There is the obvious answer: the pull of tribal belonging, communal ritual, and the quasi-religious attachment to a faith. And there is a more psychological reason – you are among friends, so to speak and the football stadium is a safe place for the expression of emotion. But I think there is something even deeper than that. It is more to do with surrendering your happiness to a higher force, allowing your most basic, polar feelings (pleasure and sorrow) to be held hostage by the vagaries of fortune. There is something gloriously liberating in that, particularly in a world where we feel our lives are being curated, our senses manipulated, and the term “follower” has been debased by social media.

We City fans entrusted our hearts to Pep. For a decade, he has been a constant, a bonding agent, for my daughter and me. We have travelled many thousands of miles together in that time, supporting City, and have experienced intense highs and depressing lows. We believed somehow that Pep would always be at our side, and vice versa. And now, just like that, he’s gone, and, while we know we cannot mourn his departure like it’s a death in the family, we also can, at least a little bit.

We are not shedding tears for Pep. He’ll be just fine, luxuriating in his achievements, living the life of an emperor. We are thinking of ourselves, of how the pain of Pep’s departure relates to the rhythm of our own lives, of the losses we have suffered and grieved, and, indeed, of a more profound sense of the transient nature of life. As the man himself said, nothing is eternal.

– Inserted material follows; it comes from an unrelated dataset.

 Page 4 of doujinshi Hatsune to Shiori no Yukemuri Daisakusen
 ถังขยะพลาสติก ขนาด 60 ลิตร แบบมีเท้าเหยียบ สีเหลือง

This is what being a football fan means. Even for you, William. You give over control of your finer feelings to people you don’t know, and who, despite the badge-kissing, are mainly doing it for the money. And, naturally, you feel emotionally invested in them. But what to do when they’re gone? Yes, the world will still spin on its axis, but there have been attachments made, experiences shared and emotions awakened that are very, very real indeed.

That’s what we can’t really explain to those who are not fans. Football is not, of course, a matter of life and death. But, do you know what? As my eyes filled with tears in the sunlit Manchester evening on Sunday, I couldn’t help feeling that it almost is.